The film received generally unfavorable reviews from critics and failed to match the box-office success of his previous American film. The movie was issued on VHS tape in 1998; to date, a DVD and a Blu-ray have been released in Spain, but none in the United States.

Plot
Pepe is a hired hand, employed on a ranch. A boozing Hollywood director, Mr. Holt, buys a white stallion that belongs to Pepe's boss. Pepe, determined to get the horse back (as he considers it his family), decides to go to Hollywood. There he meets film stars, including Jimmy Durante, Frank Sinatra, Zsa Zsa Gabór, Bing Crosby, Maurice Chevalier and Jack Lemmon in drag as Daphne from Some Like It Hot.  He is also surprised by things that were new in the U.S. at the time, such as automatic doors. When he finally reaches the man who bought the horse, he is led to believe there is no hope of getting it back. However Mr. Holt offers him a job when he realizes that Pepe brings new life to the stallion. With his luck changing, Pepe wins big money in Las Vegas, enough that Mr. Hold lets him be the producer of his next movie. Most of the movie centers around his meeting Suzie Murphy, an actress on hard times who hates the world. Just like with the stallion, Pepe brings out the best in Suzie and helps her become a big star in a movie made by Mr. Holt. The last scene shows both him and the stallion back at the ranch with several foals.

Cast
 Cantinflas as Pepe
 Dan Dailey as Ted Holt
 Shirley Jones as Suzie Murphy
 Carlos Montalbán as Rodríguez (auctioneer)
 Vicki Trickett as Lupita
 Matt Mattox as Dancer
 Hank Henry as Manager
 Suzanne Lloyd as Carmen
 Carlos Rivas as Carlos
 Michael Callan as Dancer
 William Demarest as Movie Studio Gateman

Cameos

 Joey Bishop as himself
 Billie Burke
 Maurice Chevalier as himself, performing a number
 Charles Coburn as himself
 Richard Conte as himself
 Bing Crosby as himself
 Tony Curtis
 Bobby Darin as himself, performing a number
 Ann B. Davis as her TV character Schultzy
 Sammy Davis Jr. as himself, performing a number in Las Vegas
 Jimmy Durante as man at casino
 Zsa Zsa Gabór
 Judy Garland (voice only)
 Greer Garson as herself
 Hedda Hopper
 Ernie Kovacs as border official
 Peter Lawford as himself
 Janet Leigh
 Jack Lemmon as himself, wearing his outfit from Some Like It Hot
 Dean Martin
 Jay North as his TV character Dennis the Menace
 Kim Novak as herself
 André Previn
 Donna Reed as herself, talking to Edward G. Robinson
 Debbie Reynolds as herself, dancing with Cantiflas in a dream sequence
 Edward G. Robinson
 Cesar Romero as a man next to a slot machine
 Frank Sinatra as himself

Production
In August 1957 George Sidney Productions announced Leonard Spigelglass was working on the screenplay of a vehicle for Cantiflas called Magic.  In November of that year Sidney announced the film was called Pepe.

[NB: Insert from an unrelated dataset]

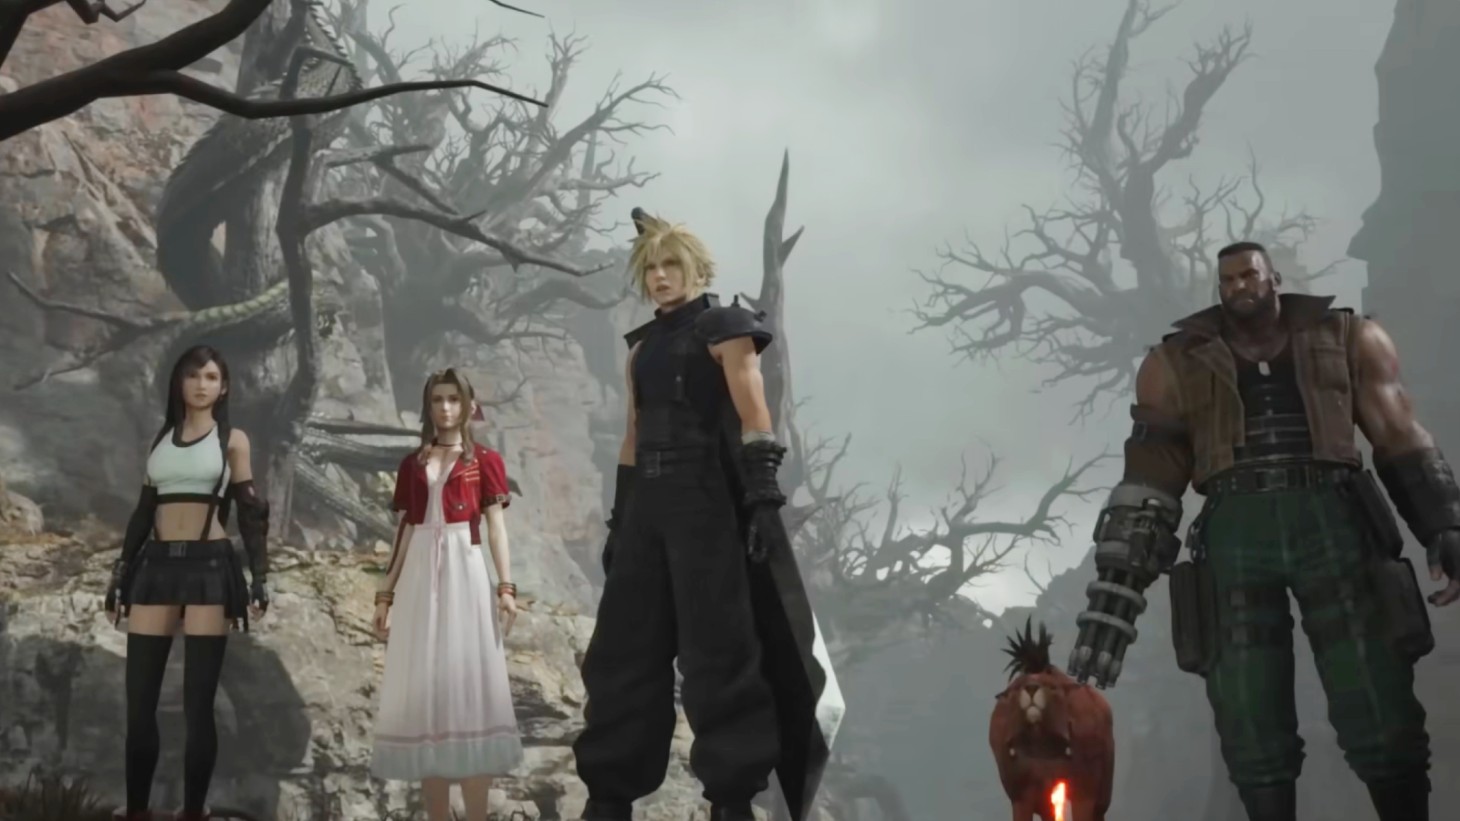 New Final Fantasy VII Rebirth Trailer Promises A Destined Fight

The film was based on an Austrian musical revue, Broadway Zauber ("Broadway Magic"), whose debut in Vienna in 1935 was reviewed by Variety. 

In April 1959 contracts were signed with Columbia to produce and release the film. George Sidney was to direct and co produce, under his own banner, along with Jacques Gelman, head of Posa International films.

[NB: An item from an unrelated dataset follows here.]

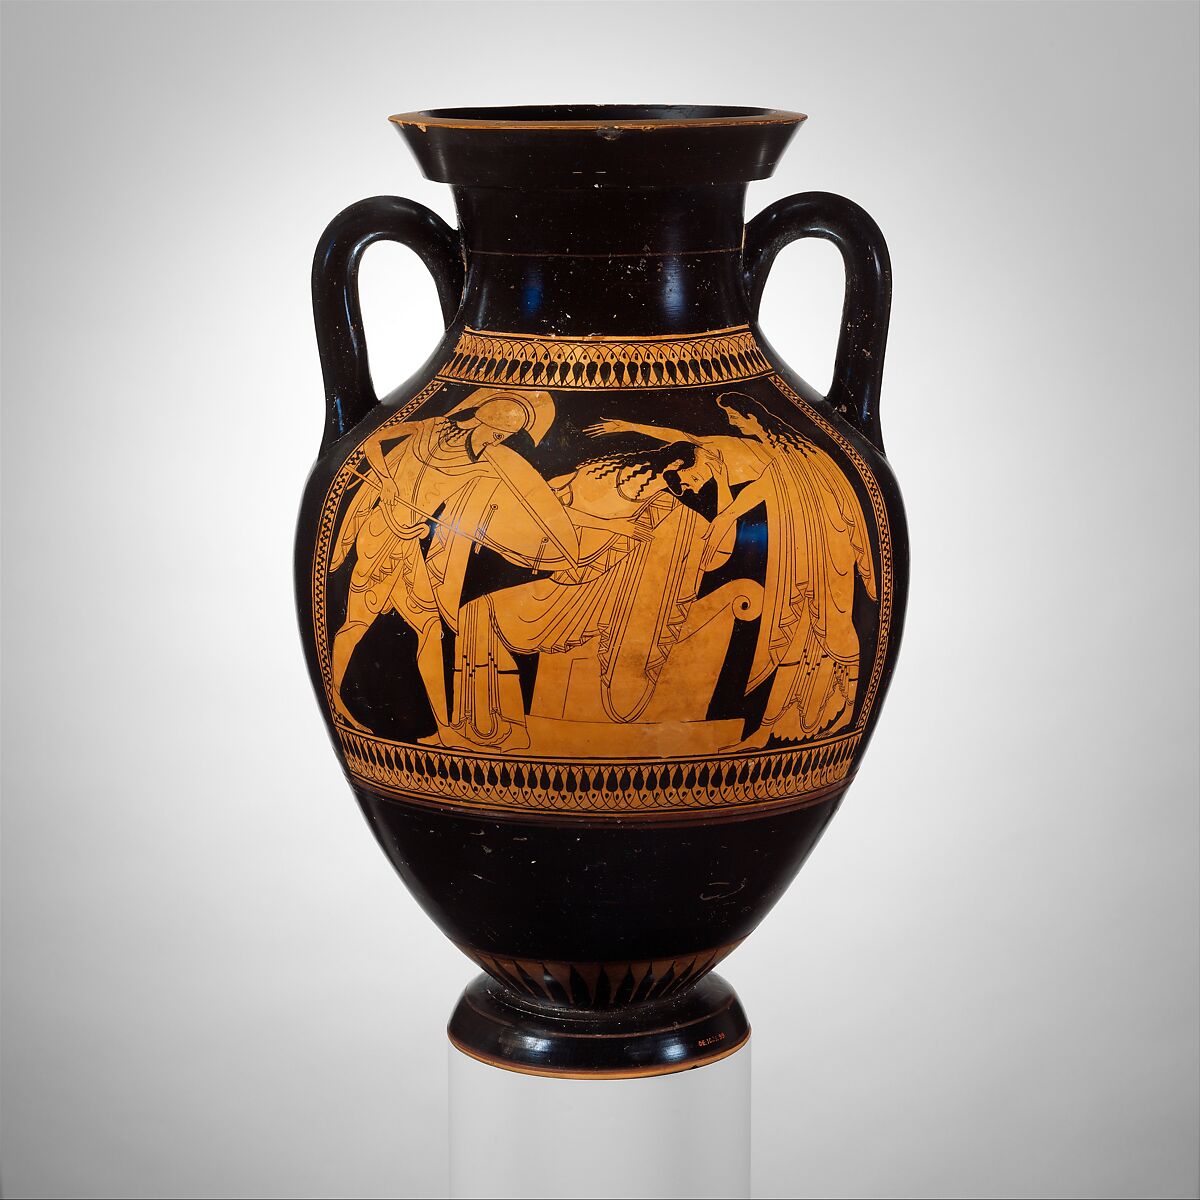 Terracotta amphora (jar), Attributed to the Nikoxenos Painter, Terracotta, Greek, Attic

George Sidney later recalled "there were problems dealing with the logistics of making a picture in two countries with a writer's strike going on at the same time. It was difficult trying to schedule around this person and that person and getting all of the people together. Shooting in Mexico with two sets of crew down there posed problems. I was moving back and forth and any time I was in one place I needed to be in another place." Sidney says that because of the writers strike, Durante and Cantiflas had to ad lib their scene together. "It turned out to be pretty funny," said Sidney. "The studio thought we had hired writers on the black market."

It was Judy Garland’s first film work since A Star is Born was released in 1954. She was slated to make an onscreen appearance. However she was still recovering from illness and the producers decided to limit it to a song.

Reception
Bosley Crowther of The New York Times was not impressed. "The rare and wonderful talents of Mexican comedian Cantinflas, who was nicely introduced to the general public as the valet in Around the World in 80 Days, are pitifully spent and dissipated amid a great mass of Hollywooden dross in the oversized, over-peopled Pepe, which opened at the Criterion last night."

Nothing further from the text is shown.